===== Supplied data =====
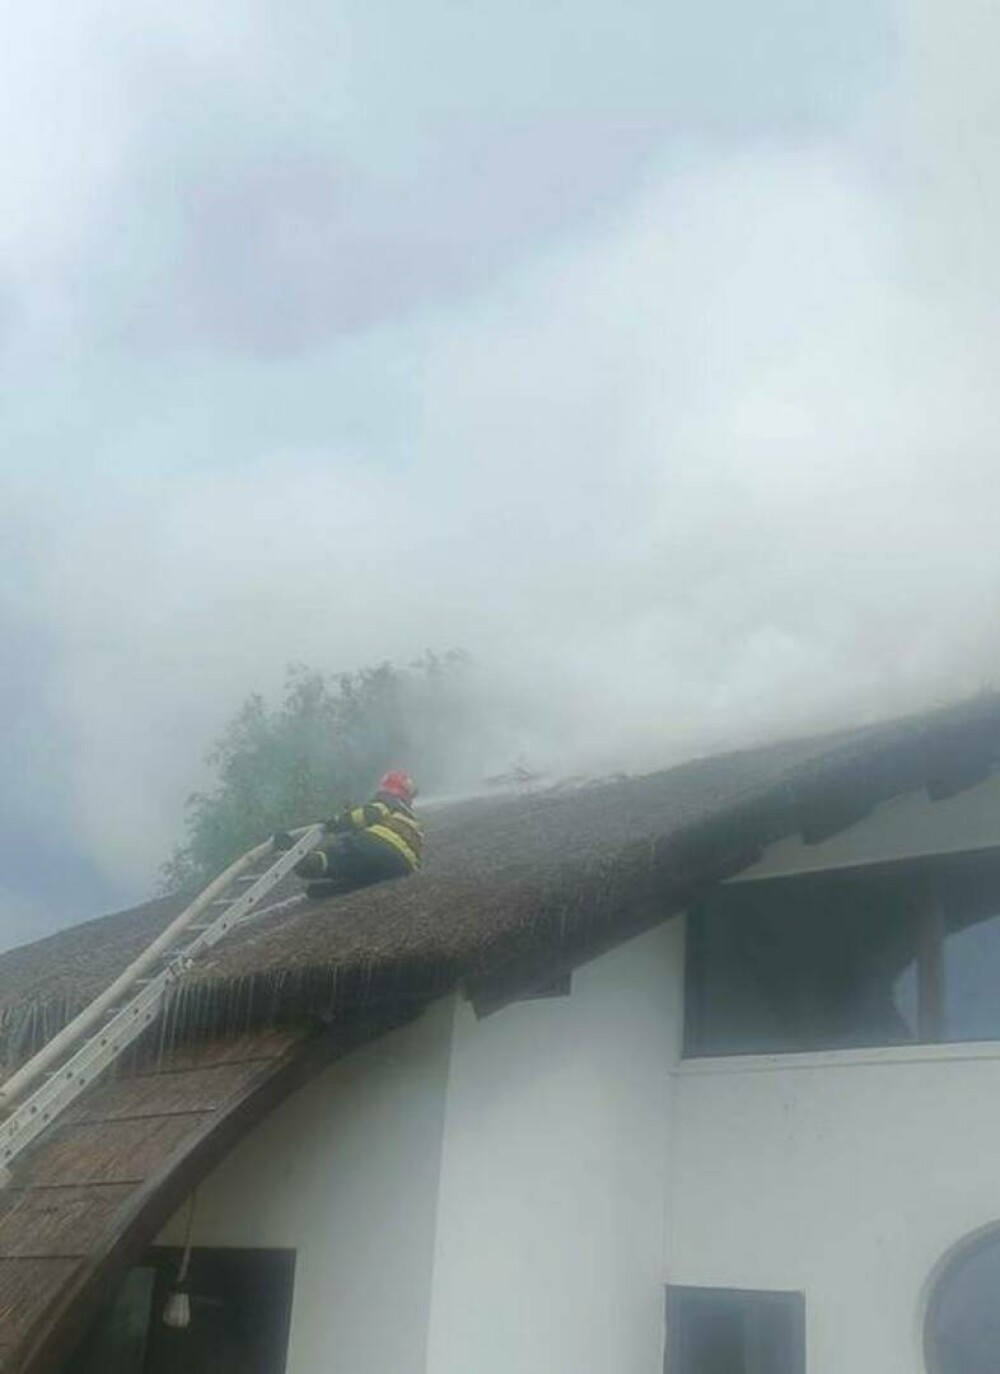 Incendiu la un bungalow al unei unităţi turistice din Tulcea. Pompierii intervin pentru stingerea flăcărilor. FOTO & VIDEO - Imaginea 2
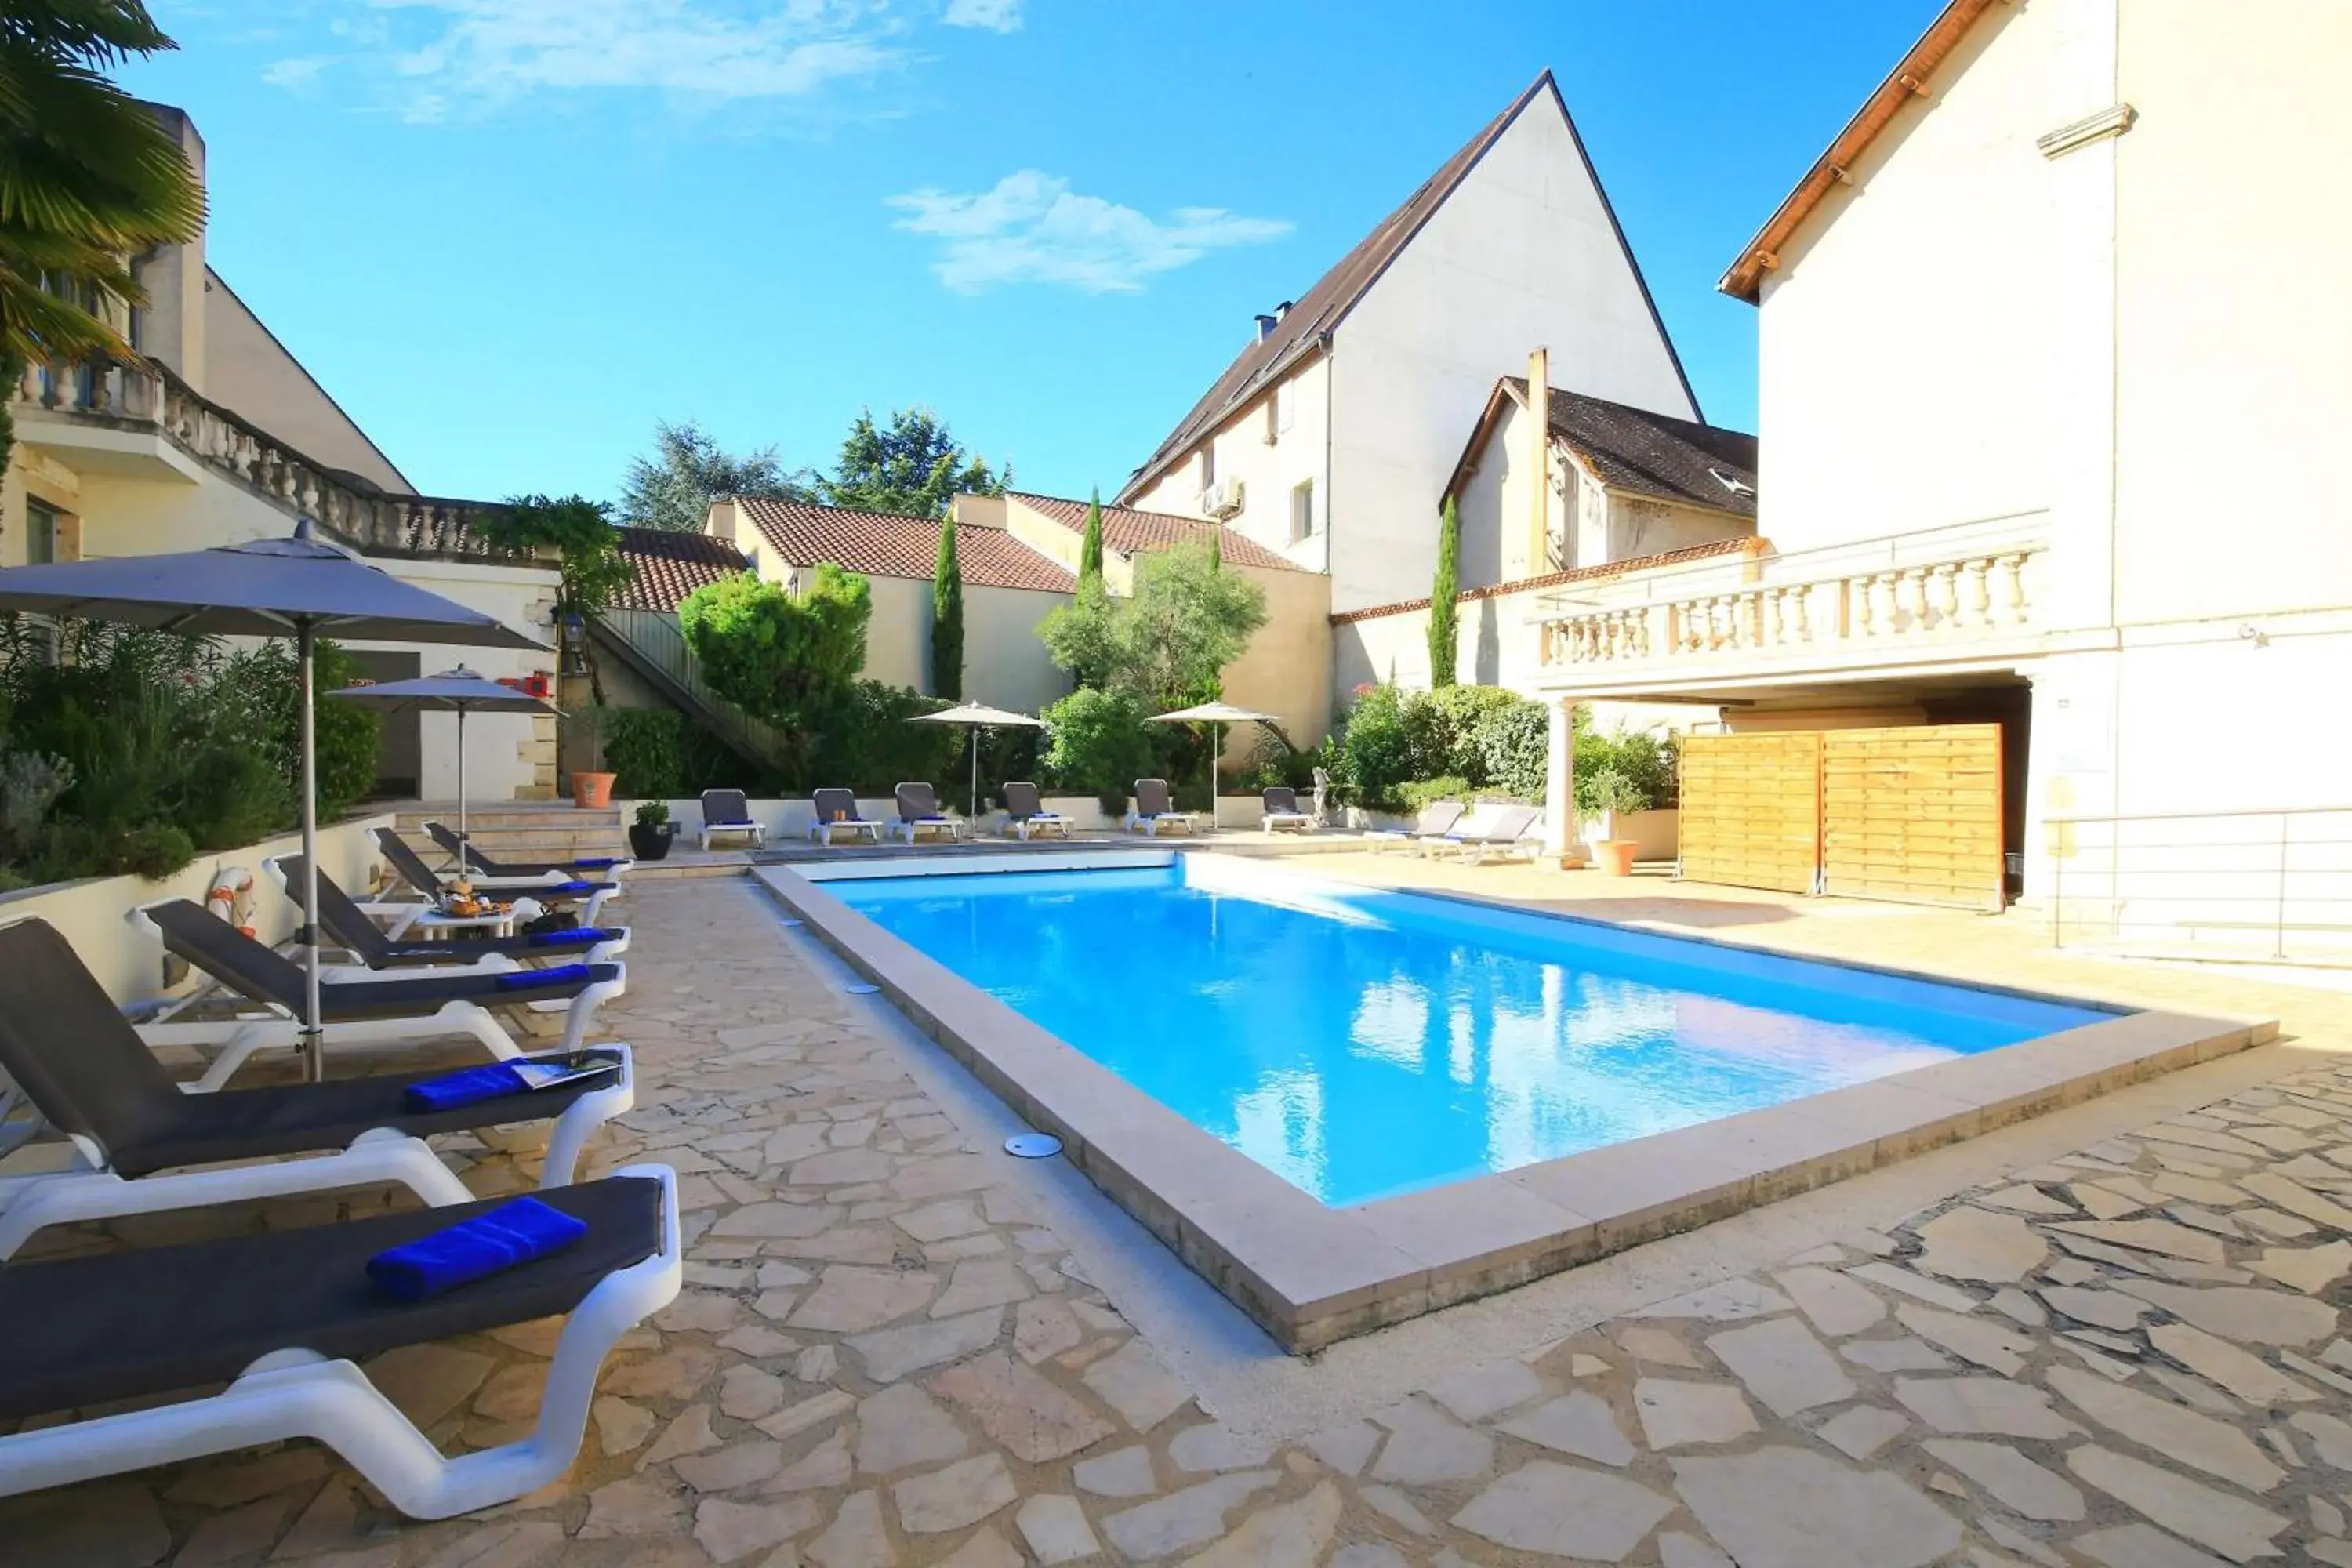 Property building, Swimming Pool in Best Western Le Renoir
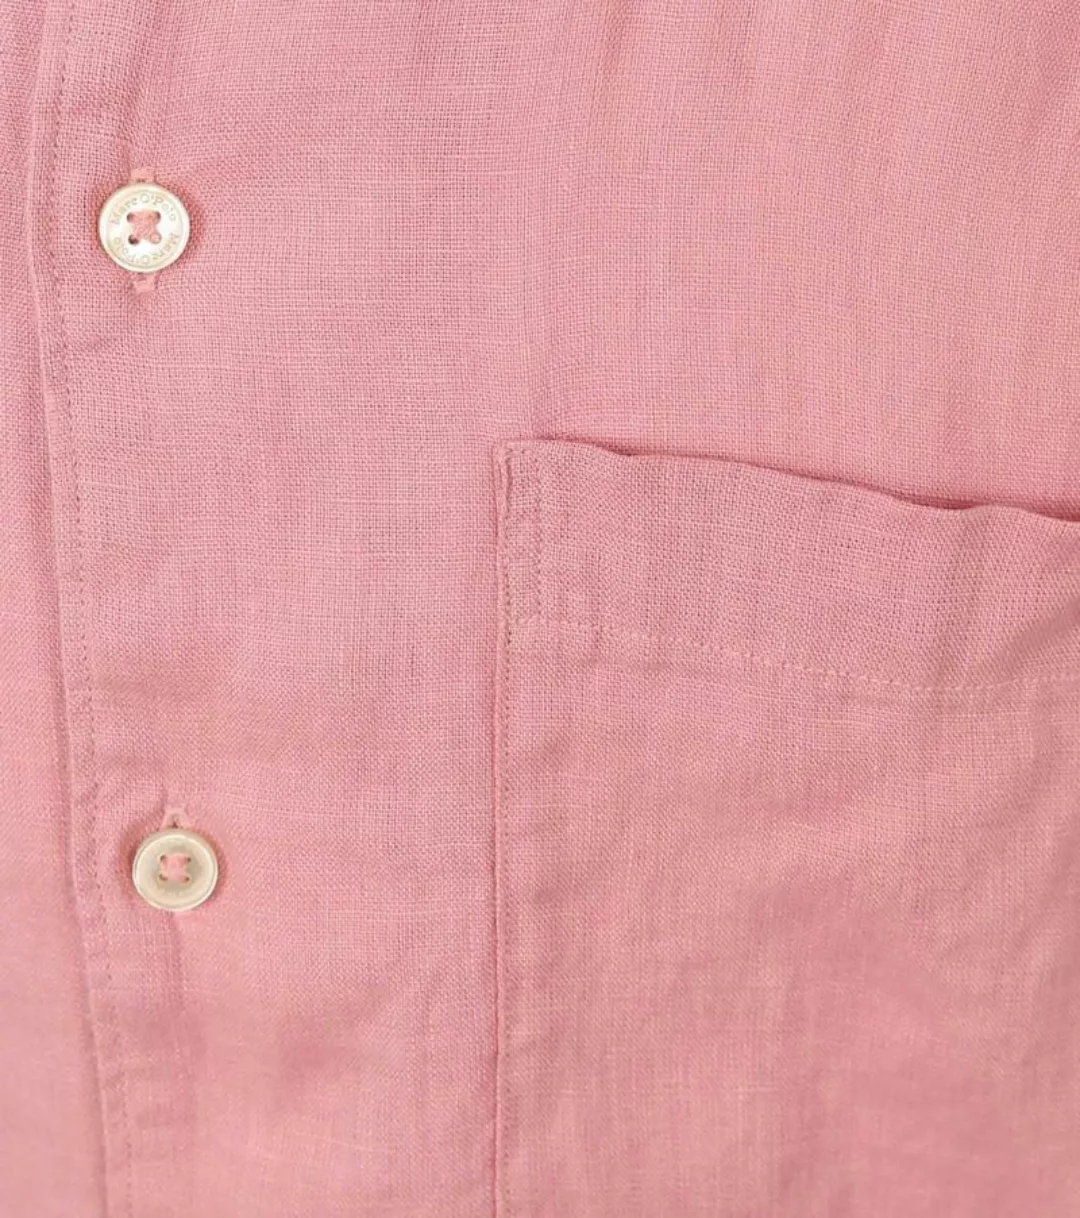 Marc O'Polo Hemd Short Sleeves Leinen Rosa - Größe XXL günstig online kaufen
=====
Work to complete –
Please retype the listing in full, exactly as given, and skip every image.

Exercise response –
 Incendiu la un bungalow al unei unităţi turistice din Tulcea. Pompierii intervin pentru stingerea flăcărilor. FOTO & VIDEO - Imaginea 2
 Property building, Swimming Pool in Best Western Le Renoir
 Marc O'Polo Hemd Short Sleeves Leinen Rosa - Größe XXL günstig online kaufen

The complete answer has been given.